What are these five kinds of natural law? The first is physical law, describing matter and forces and so on. The second is biological law, describing living organisms. The third is psychological law, describing non-deliberate mental processes such as perception and identity. We might consider psychological and biological laws in some sense to be reducible to physics; or we might prefer to understand biological and psychological laws to be irreducible, and to view them as emergent properties of the working-out of increasingly complex physical laws. These are large philosophical issues. In either case, the stage is set for the remaining two kinds of law, which are both distinctive productions of the Buddhist experience: the law of karma, and finally the Dharma itself, understanding the word ‘Dharma’ here in the particular sense of those teachings concerning the way to liberation.[viii]

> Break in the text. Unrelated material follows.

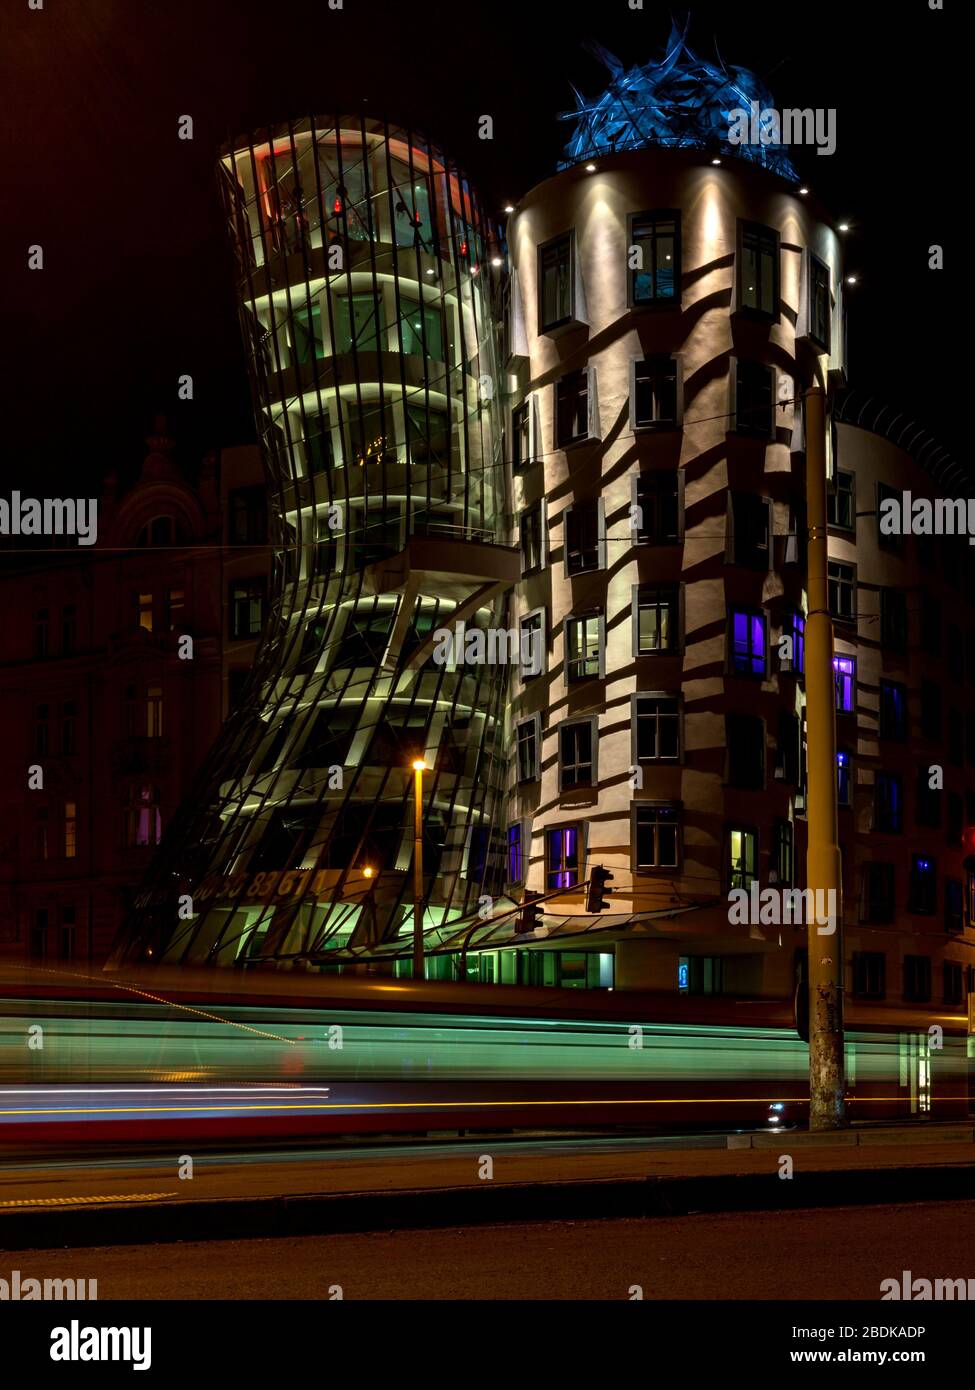 Light trails in front of the lit Dancing House building in Prague at night. The building was designed by the Croatian-Czech architect Vlado Milunic. Stock Photo

So the so-called ‘five niyamas’ turn out to be five kinds of laws which describe the arising and ceasing of conditioned phenomena comprehended within the principle of conditionality. Since natural laws as such are human productions of thought, there being five kinds of law is simply a convention, a way of putting things. On the other hand, there being a law of karma and there being a Dharma in the sense of a teaching of the way beyond the world of experience, reveals the full scope of natural order in the Buddhist world view. This world view includes, under the idea of a law of karma, a conception of ethical recompense integral to the workings of nature. I am aware that the traditional Buddhist teachings on the law of karma are far from intelligible within a scientific world view. However, we can reduce the religious teachings on karma to two ideas which are highly intelligible: first, that ethical judgements can be objective, and, second, that we can reach these ethical judgements as part of our reflection on natural order. That is to say, good and bad, right and wrong, are neither subjective and relative, nor transcendent and absolute, but emerge as natural properties of reality. Finally, the Buddhist world view includes a soteriology or doctrine of salvation, under the idea of the dharma as the teaching of the way leading beyond ordinary experience to liberation and nirvana, which is yet comprehended within the idea of nature as a whole. That is to say, liberation is neither a matter of non-natural grace nor of chance mysticism. Hence, the Buddhist conception of a natural order, that is, its conception of Dharma as immannent natural order in the universe, includes physical, biological and psychological descriptions of a dependently-arisen reality, as well as ethical and soteriological teachings concerning the possibilities of human experience as part of nature. This is the full scope of Buddhist naturalism.
[ii] All the Pāli source texts pertaining to the ‘five niyamas’ have been usefully translated by Jayarava at http://www.jayarava.org/texts/the-five-Fold-niyama.pdf
[iv] ‘Dependent Arising as Pagan Philosophy’, at http://dhivanthomasjones.wordpress.com/2013/04/18/dependent-arising-as-pagan-philosophy/
[v] See Margaret Cone, The Dictionary of Pāli, vol.II, dhamma, 3(i), q.v.
[vi] See OED, order, q.v.: ‘III. Sequence, disposition, or arrangement; arranged or regulated condition’, especially ‘15. the fixed arrangement found in the existing state of things; a natural, moral, spiritual, or social system in which things proceed according to definite, established, or constituted laws.’
[vii] See OED, order, q.v.: ‘I. Any of the grades or ranks in an ordered or hierarchical structure (characterized by sequence)’, especially ‘3. A rank, row, or series.’ The OED lists a remaining meaning of ‘order’, viz.: ‘II. A rank or class of people or things’, as in the Triratna Buddhist Order.
[viii] See The Dictionary of Pāli, vol. II, dhamma, 1(ii), (iii), (iv), q.v.